Exactly the lines from the one containing "Vector illustration of" through the one containing "ซีพียู Intel Core" in the listing below are to be copied, with the pictures left out.

**Material for this exercise**
________________________________________

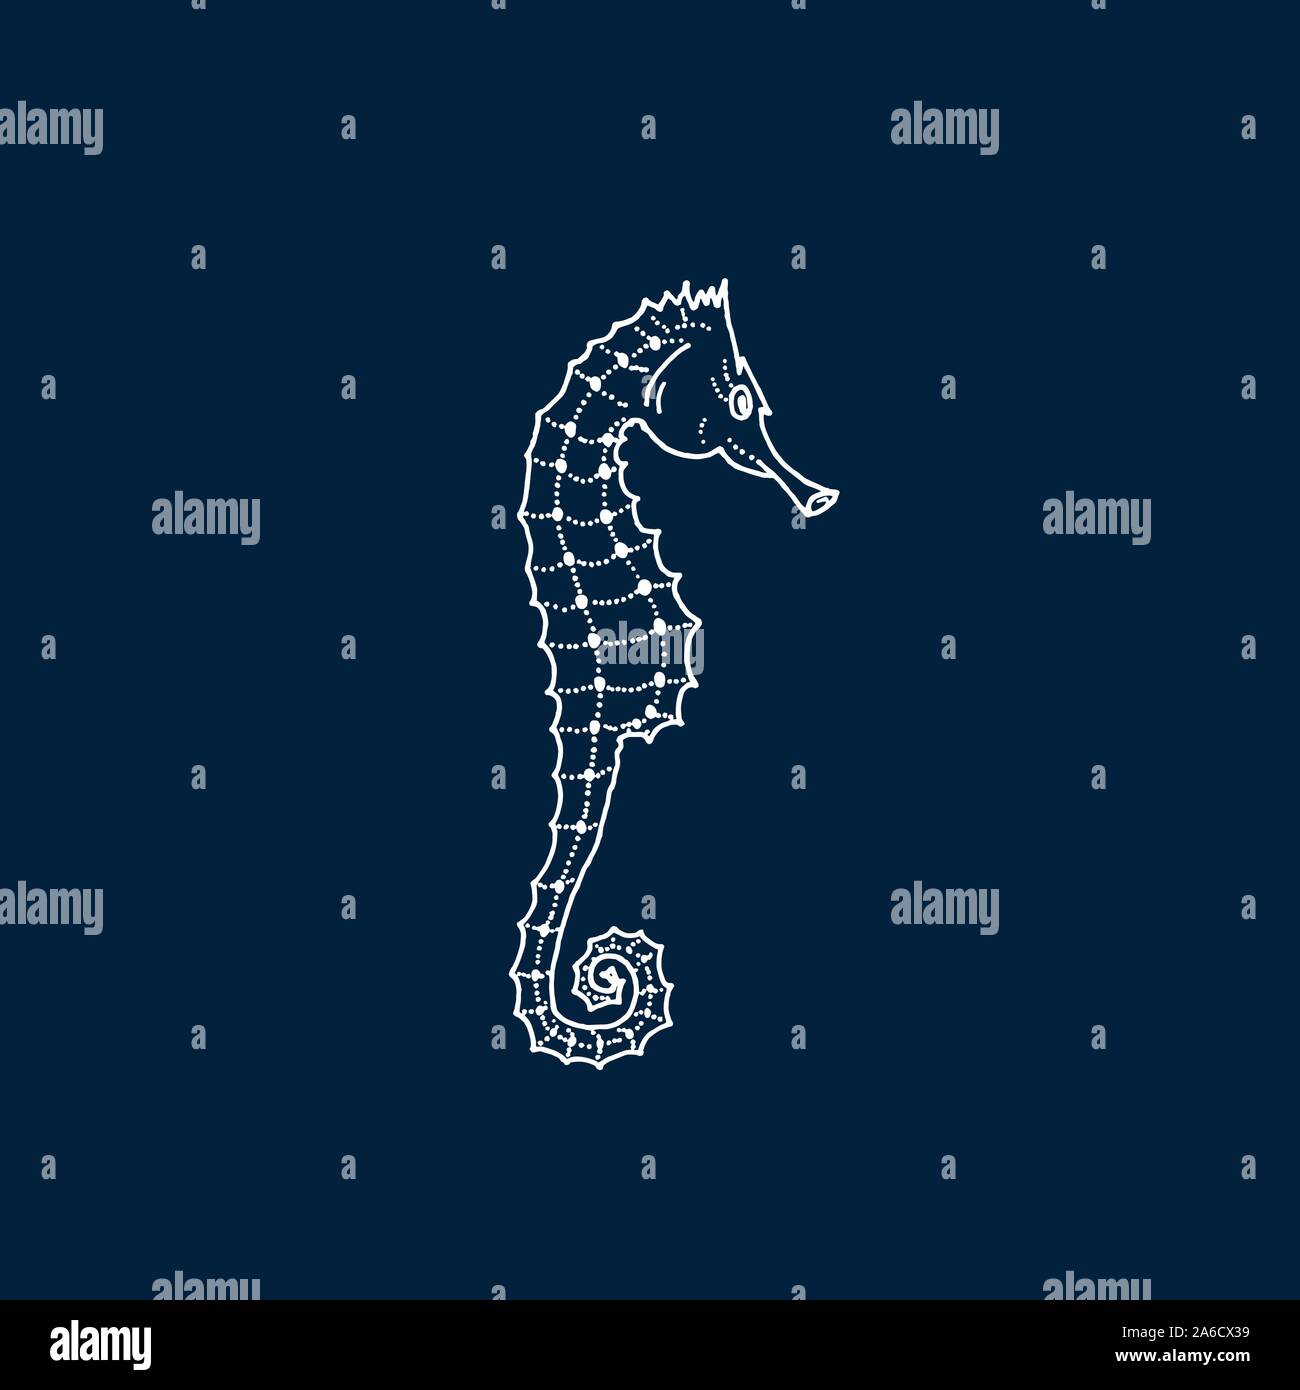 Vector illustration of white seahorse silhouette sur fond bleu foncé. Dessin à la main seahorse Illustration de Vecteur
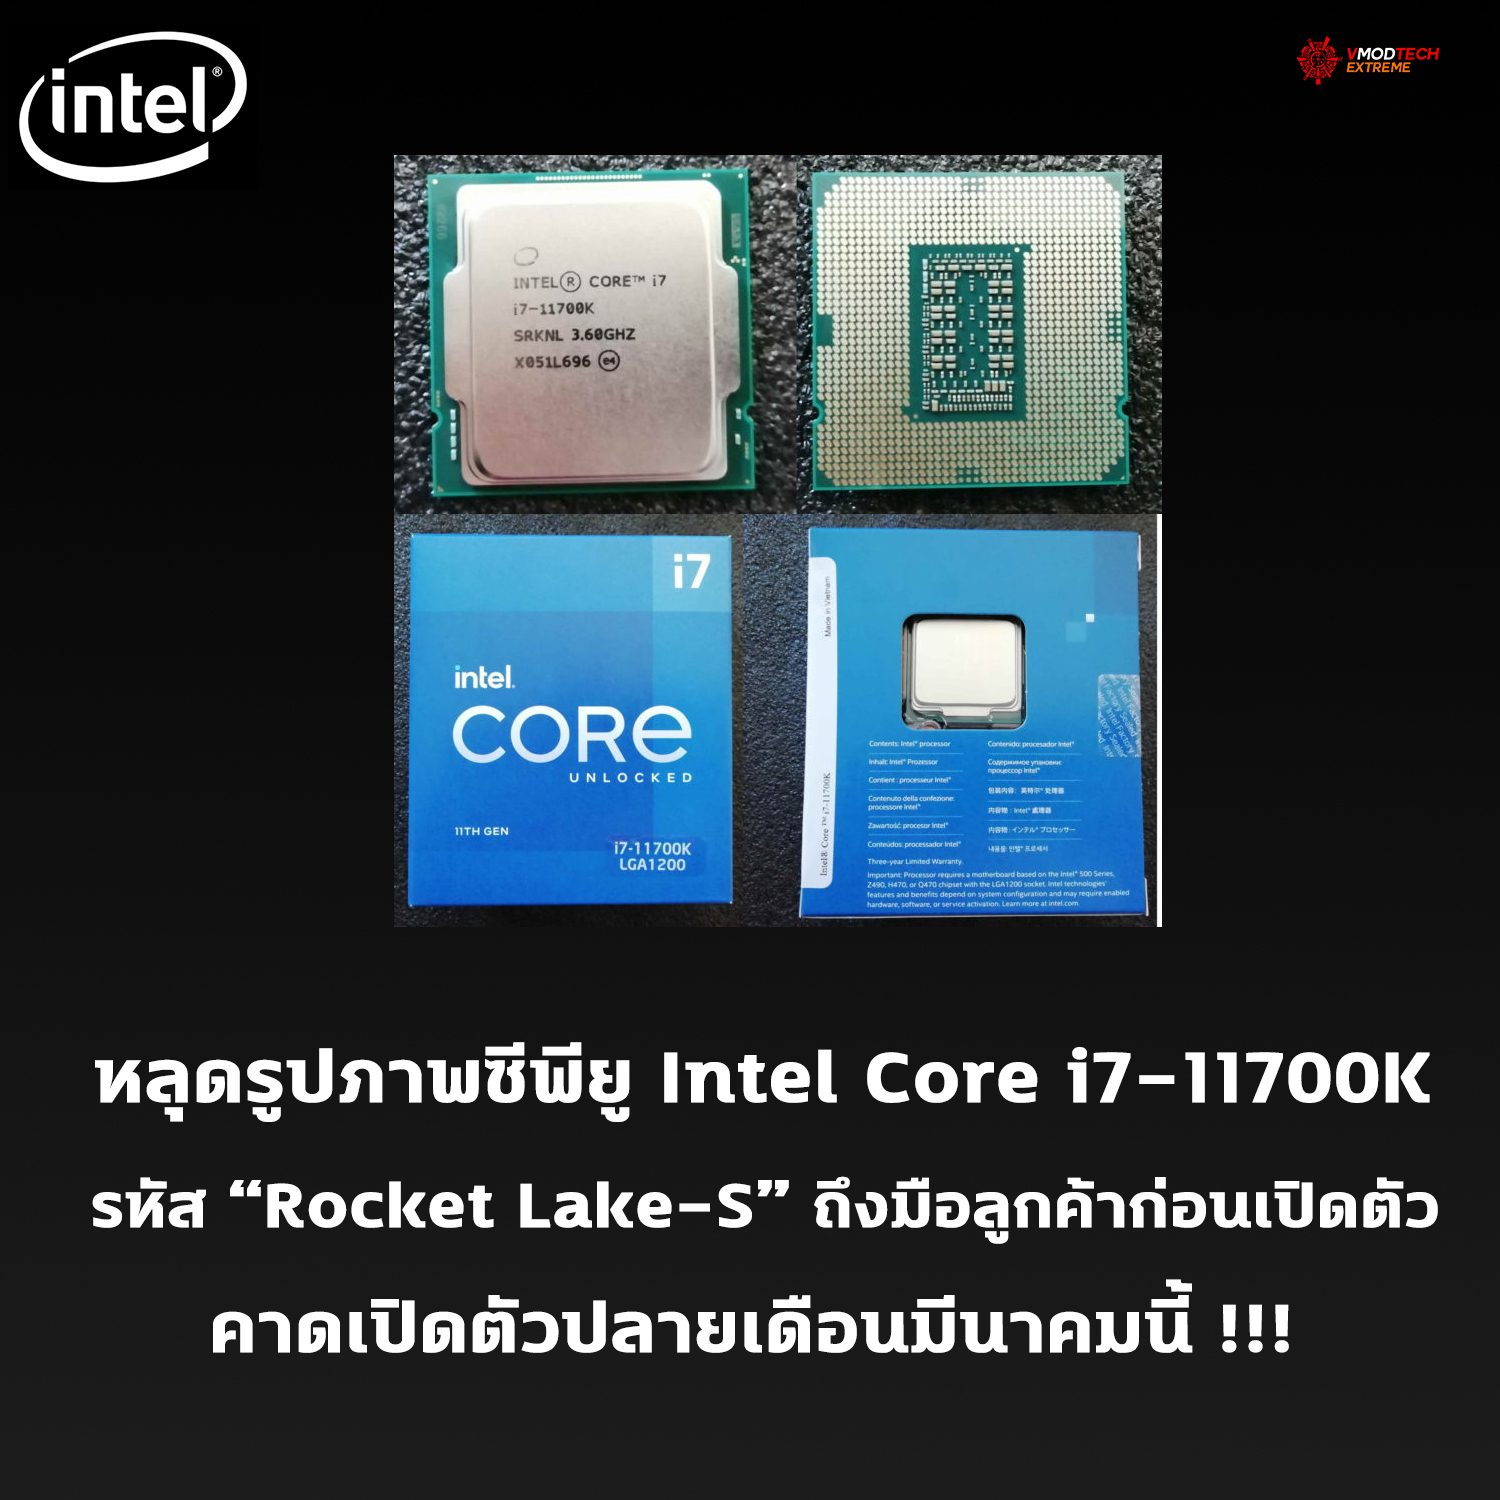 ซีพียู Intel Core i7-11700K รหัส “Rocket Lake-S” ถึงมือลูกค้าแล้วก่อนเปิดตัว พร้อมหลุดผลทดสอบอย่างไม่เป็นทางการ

________________________________________

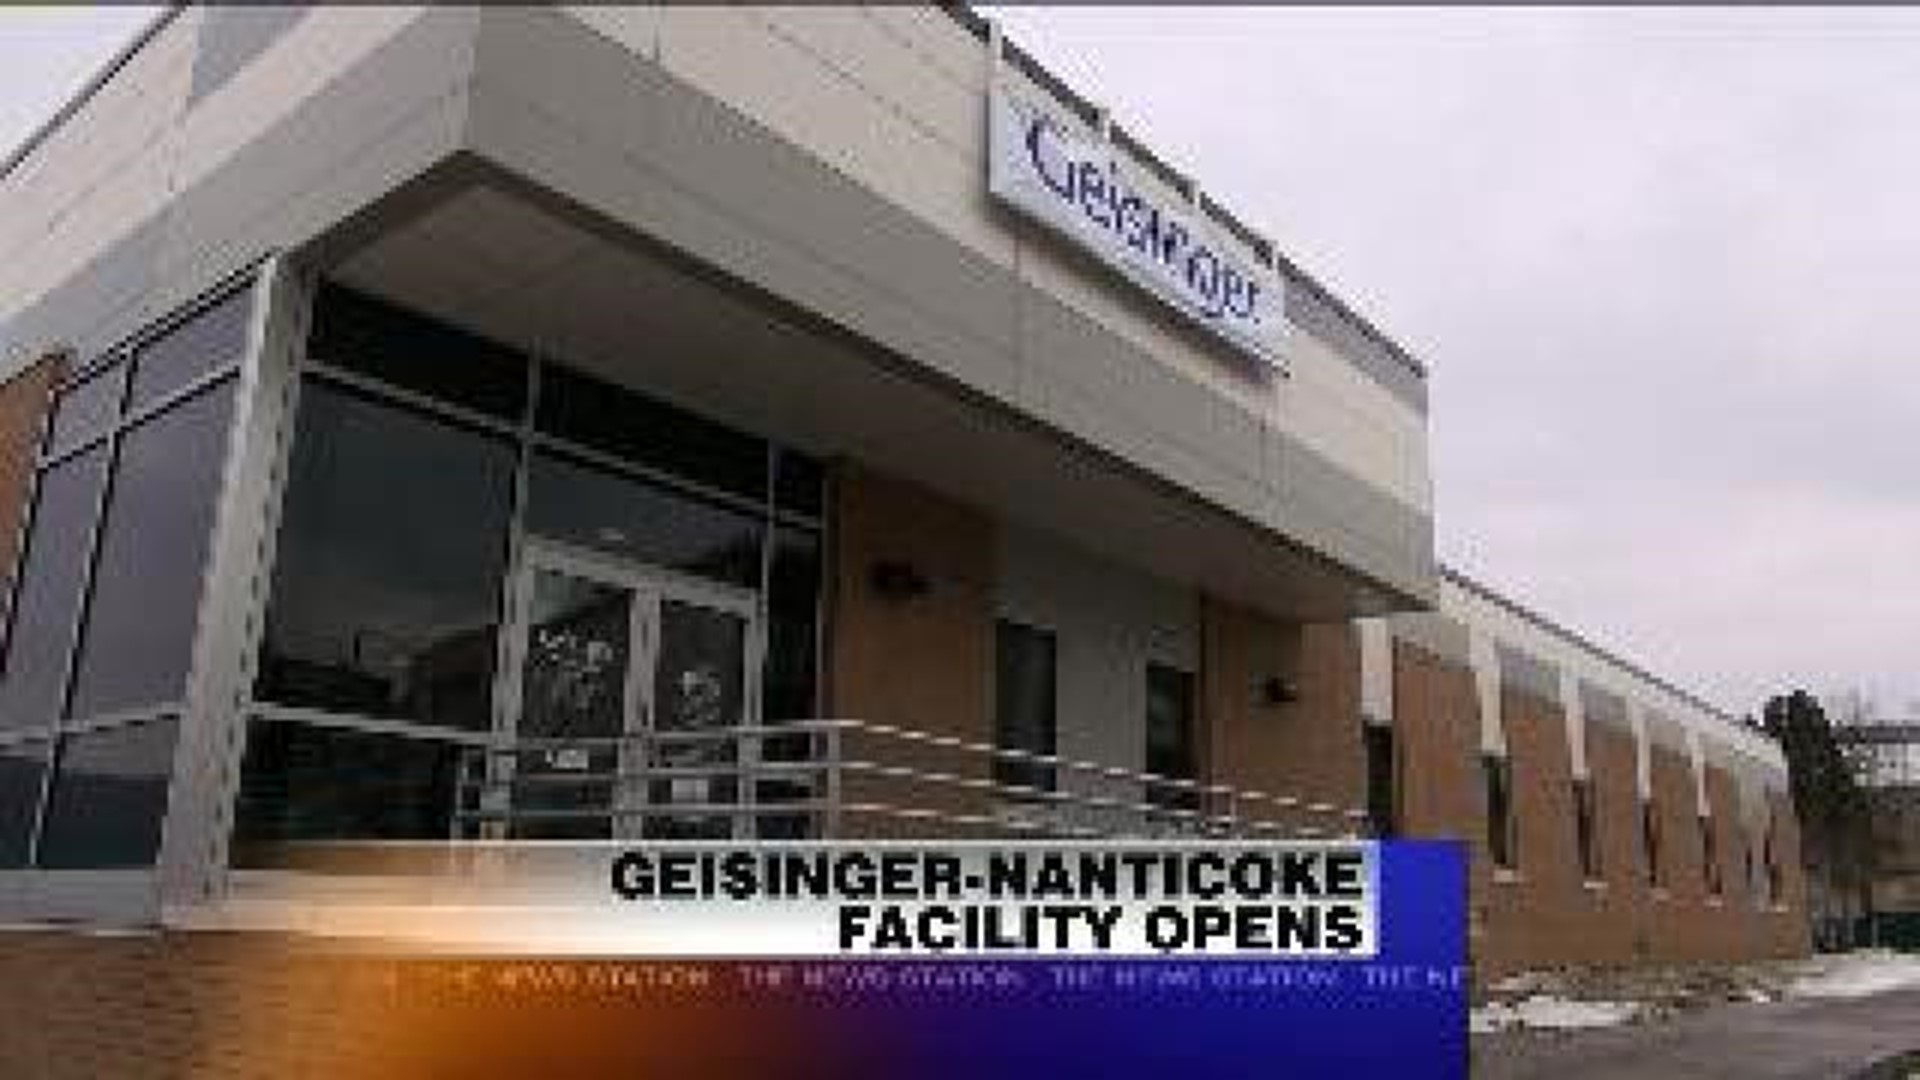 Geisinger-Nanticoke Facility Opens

________________________________________

**Written solution**
 Vector illustration of white seahorse silhouette sur fond bleu foncé. Dessin à la main seahorse Illustration de Vecteur
 ซีพียู Intel Core i7-11700K รหัส “Rocket Lake-S” ถึงมือลูกค้าแล้วก่อนเปิดตัว พร้อมหลุดผลทดสอบอย่างไม่เป็นทางการ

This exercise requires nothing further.